Harga barang yang naik cukup tinggi, yang mengakibatkan masyrakat kesulitan
mendapat barang-barang kebutuhan pokoknya. Utang luar negeri dalam rupiah
melonjak. Harga BBM naik.
Kemiskinan juga termasuk dampak krisis
moneter. Pada oktober 1998 jumlah keluarga miskin di perkirakan sekitar 7.5
juta.
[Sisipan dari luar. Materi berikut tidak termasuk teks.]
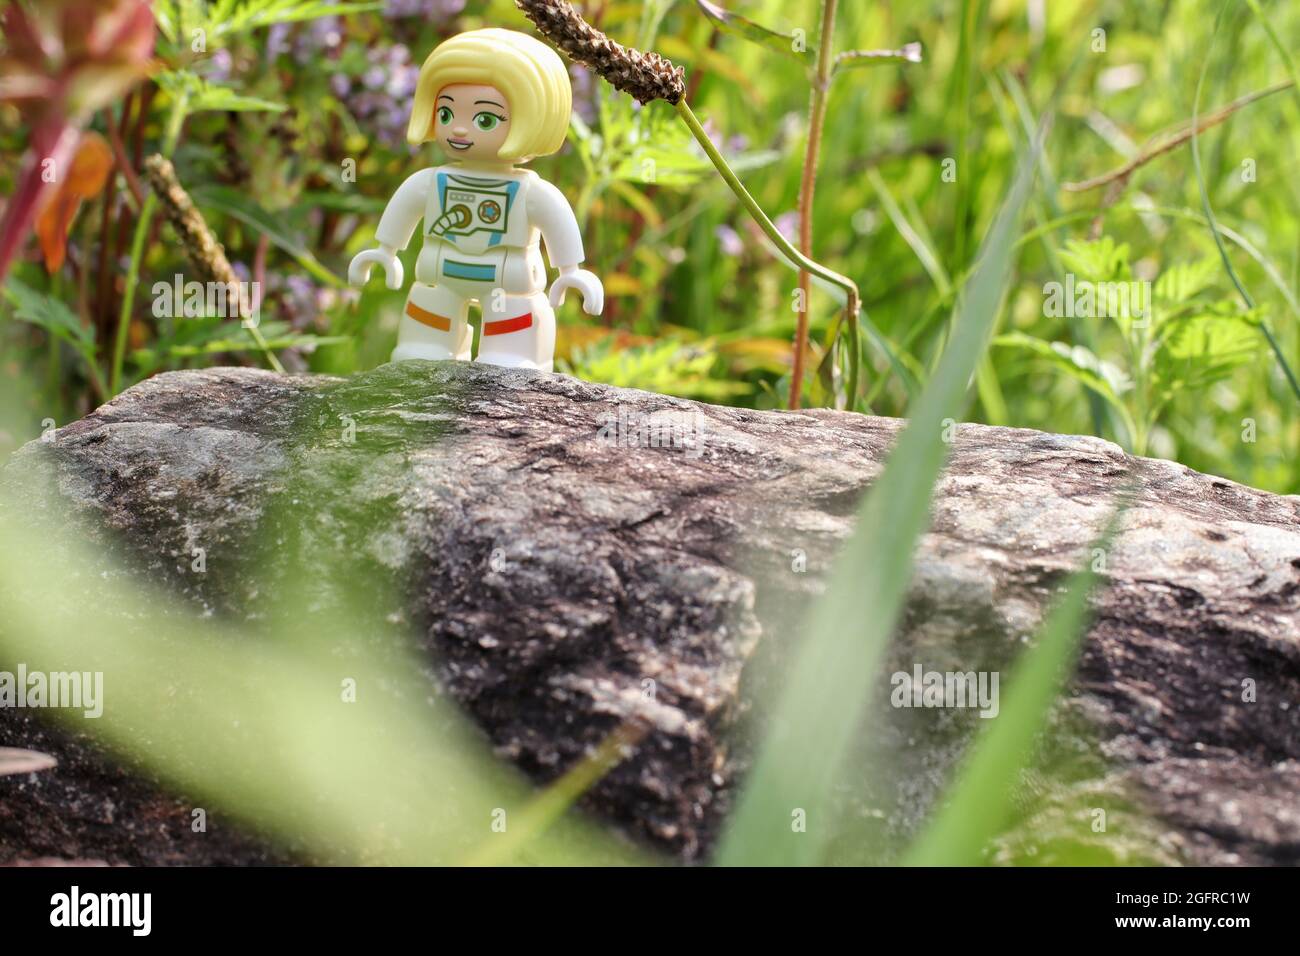 GREENVILLE, STATI UNITI - 31 luglio 2021: Un primo piano di una figura di astronauta giocattolo Lego sul legno su sfondo verde Foto Stock

Meningkatnya jumlah penduduk yang miskin tidak terlepas dari jatuhnya
nilai mata uang rupiah yang tajam, yang menyebabkan terjadinya kesenjangan
antara penghasilan yang berkurang akibat PHK atau naik sedikit dengan
pengeluaran yang meningkat tajam karena tingkat inflasi yang tinggi.
Disaat krisis itu terjadi banyak pejabat
yang melakukan korupsi. Sehingga mengurangi pendapatan para pekerja yang lain.
Banyak perusahaan yang meminjam uang pada perusahaan Negara asing dengan
tingkat bunga yang lumayan tinggi, hal itu menambah beban utang Negara. Pada
sisi lain merosotnya nilai tukar rupiah juga membawa hikmah. Secara umum
impor barang menurun tajam. Sebaliknya arus masuk turis asing akan lebih besar,
daya saing produk dalam negeri dengan tingkat kandungan impor rendah meningkat
sehingga bisa menahan impor dan merangsang ekspor khususnya yang berbasis
pertanian.
Dampak dari krisis moneter lebih banyak
yang negative dibandingkan dampak positifnya. Itu di karenakan krisis ini
mengganggu kesejahteraan masyarakat.
PENUTUP
Krisis
ekonomi yang di alami Indonesia telah berlangsung hampir dua tahun dan telah
berubah menjadi krisis ekonomi, yakni lumpuhnya kegiatan ekonomi karena semakin
banyak perusahaan yang tutup dan meningkatnya jumlah pekerja yang
menganggur.Pada Juni 1997, Indonesia terlihat jauh dari krisis. Tidak seperti
Thailand, Indonesia memiliki inflasi yang rendah, perdagangan surplus lebih
dari 900 juta dolar, persediaan mata uang luar yang besar, lebih dari 20 milyar
dolar, dan sektor bank yang baik.
Krisis
yang melanda bangsa Indonesia, menjadi awal terpuruknya sebuah negara dengan
kekayaan alam yang melimpah ini.Dari awal 1998, sejak era orde baru mulai
terlihat kebusukannya Indonesia terus mengalami kemerosotan, terutama dalam
bidang ekonomi.Nilai tukar semakin melemah, inflasi tak terkendali, juga pertumbuhan
ekonomi yang kurang berkembang di negara ini.Penyebab utama dari terjadinya
krisis yang berkepanjangan ini adalah merosotnya nilai tukar rupiah terhadap
dollar AS yang sangat tajam, meskipun ini bukan faktor satu-satunya, tetapi ada
banyak faktor lainnya yang berbeda menurut sisi pandang masing-masing pengamat.
Berbagai dampak Krisis Moneter timbul
di Indonesia. Krisis Moneter membawa dampak yang kurang baik bagi Indonesia diantaranya adalah Banyak
perusahaan yang terpaksa mem-PHK pekerjanya dengan alasan tidak dapat membayar
upah para pekerjanya. Sehingga menambah angka pengangguran di Indonesia.
Pemerintah kesulitan menutup APBN. Harga barang yang naik cukup tinggi, yang
mengakibatkan masyrakat kesulitan mendapat barang-barang kebutuhan pokoknya.
Utang luar negeri dalam rupiah melonjak. Harga BBM naik. Maka dari itu dibutuhkan kemampuan
Pemerintah untuk mengatur perekonomian Indonesia.